– Откуда ты его знаешь? – спросил Арман и подозрительно посмотрел на сестру.
– Как и где обычно знакомятся с джентльменами? – Дейрдре с невинным видом подняла на брата зеленые глаза. – Это произошло пять лет назад на каком-то светском вечере. Не помню всех подробностей этой встречи, – поспешила она предвосхитить следующий вопрос. – А в чем дело? Какая разница?
Дейрдре изо всех сил старалась не отвести глаза и выдержать вопрошающий взгляд брата.
Армана, похоже, не вполне удовлетворил ее ответ.
– Надеюсь, этот человек ничего не значит для тебя, – сказал он наконец и нахмурился. – Не дай вскружить себе голову титулом и состоянием, Ди. Этот человек играет не по правилам. И ты проиграешь.
– Берегись, Арман!
Улыбка Дейрдре была ослепительной, а голос звучал лукаво – она явно подтрунивала над братом.
– Ты описываешь графа таким образом, что он представляется мне просто неотразимым! Почему я должна его избегать? Как я понимаю, Рэтборн в Англии всего несколько месяцев. Едва ли этого достаточно, чтобы показать себя таким мерзавцем, каким ты его изображаешь. Что же он натворил, чтобы заслужить такую репутацию? Ты предупреждаешь меня потому, что он твой соперник и добивается благосклонности миссис Дьюинтерс, или дело не в этом и ты можешь мне рассказать о нем нечто худшее?
– Я слышал о нем достаточно, чтобы не доверять ему, – огрызнулся Арман. – Этот человек – варвар!

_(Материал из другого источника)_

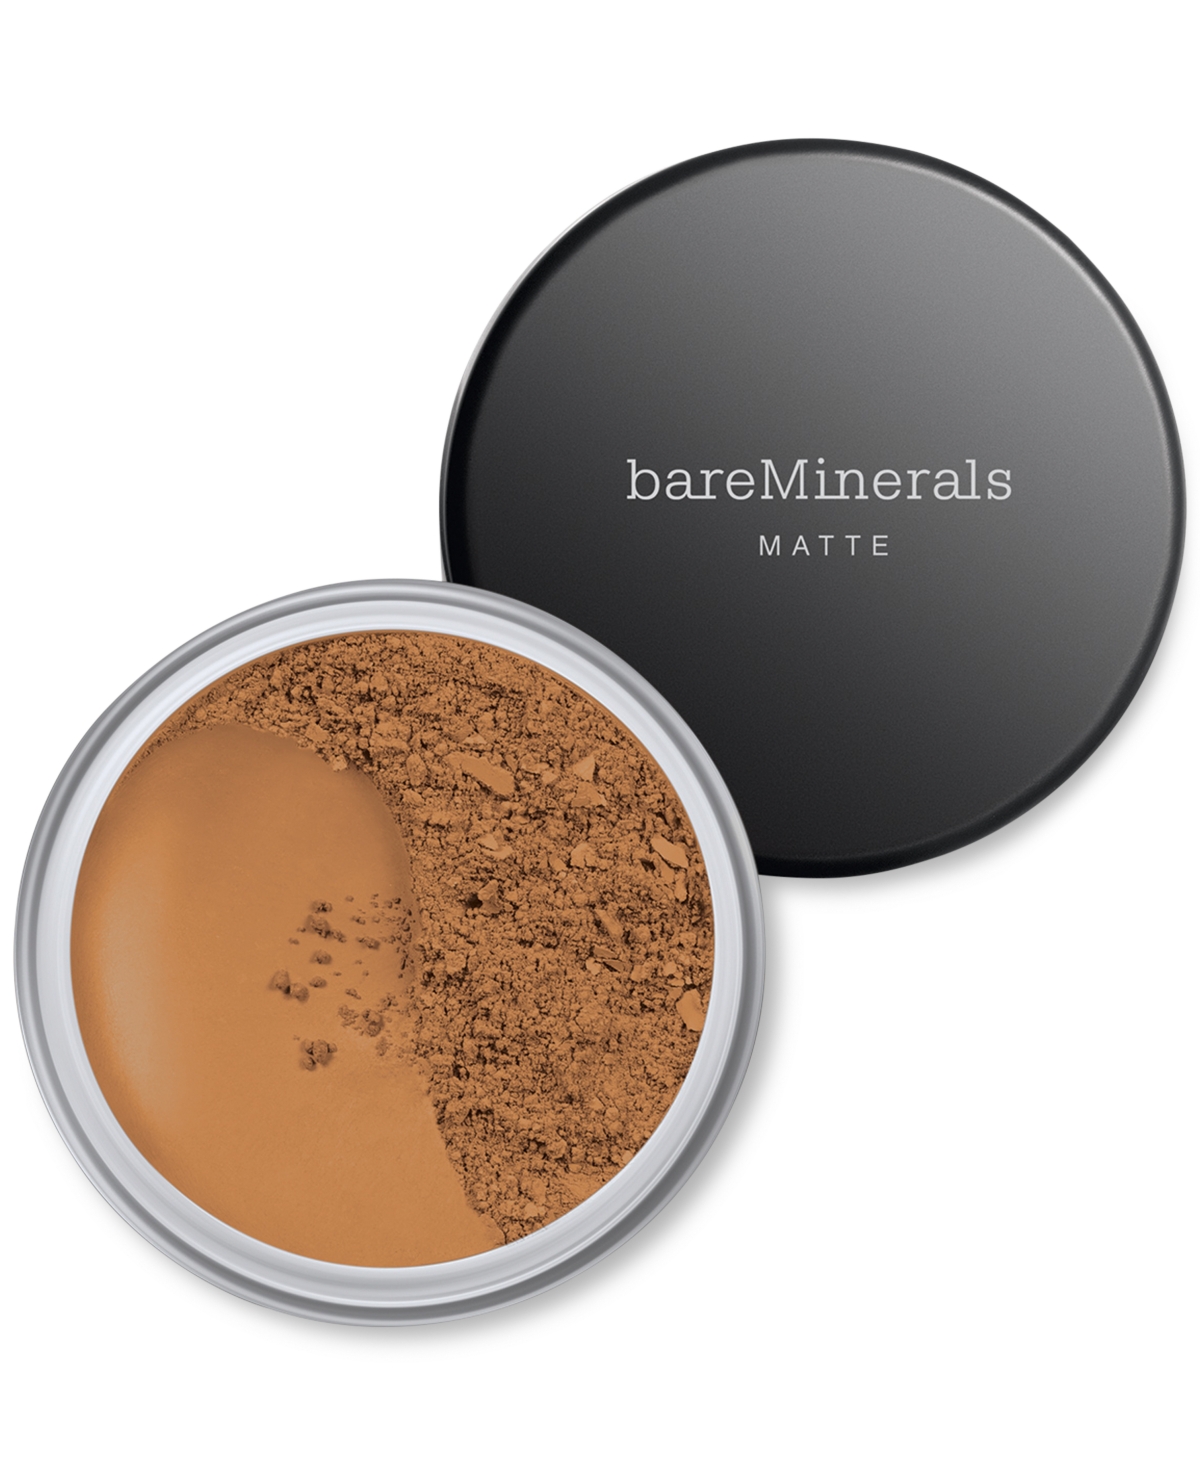 Bareminerals Matte Loose Powder Foundation Spf 15 In Warm Dark  - For Dark Skin With Warm Und
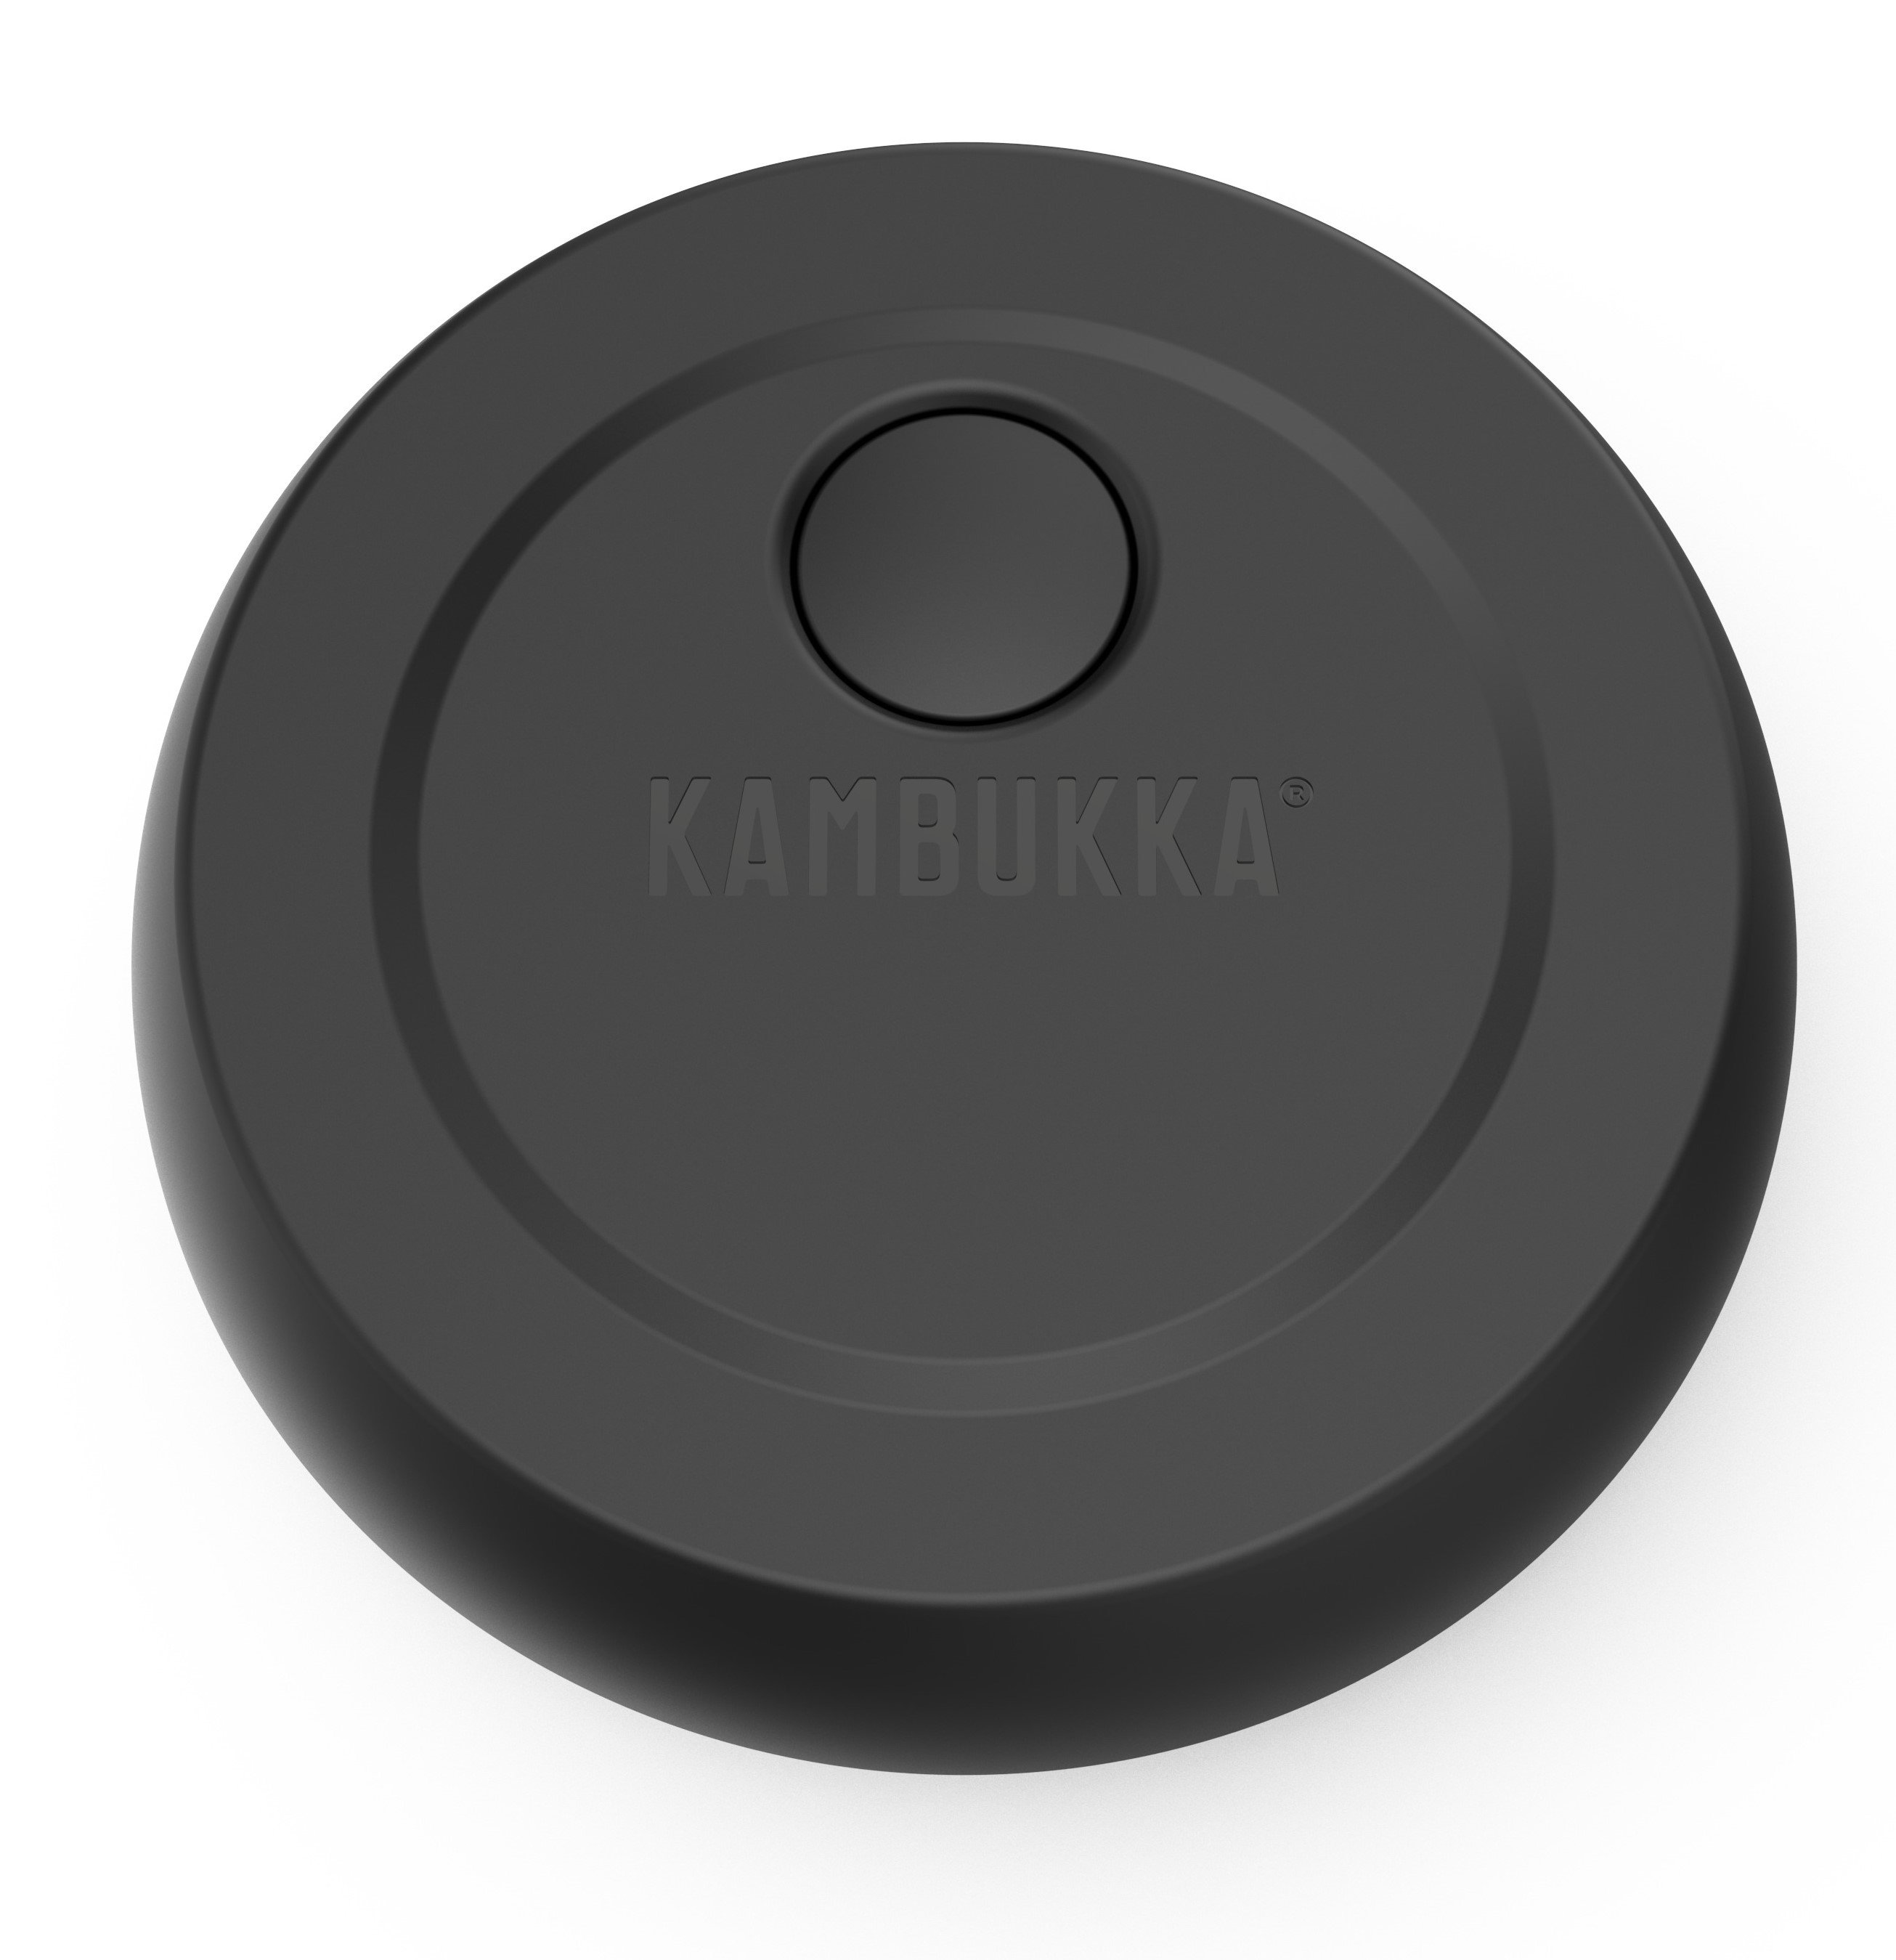 Термоконтейнер для їжі Kambukka Bora, 600 мл, чорний (11-06010) - фото 4

Такое заявление показалось Дейрдре неожиданным. Она знала Рэтборна как легкомысленного повесу, но никогда не слышала, чтобы он был беспринципным или бесчувственным, если не считать его отношения к женщинам, а столь ничтожный недостаток равные ему по положению были склонны легко прощать.
– На что ты намекаешь?
– Ты должна знать его прозвище!
– Дикарь? Это прозвище, как я понимаю, ему дали французы во время войны, потому что он был для них грозным врагом. И что же?
– Он и есть настоящий дикарь, варвар, и его люди подхватили это прозвище. Я слышал ужасные рассказы о том, как он обращался с людьми, служившими под его началом. От этих рассказов кровь леденеет в жилах. Он ненавидит всех французов, будь то враги или друзья.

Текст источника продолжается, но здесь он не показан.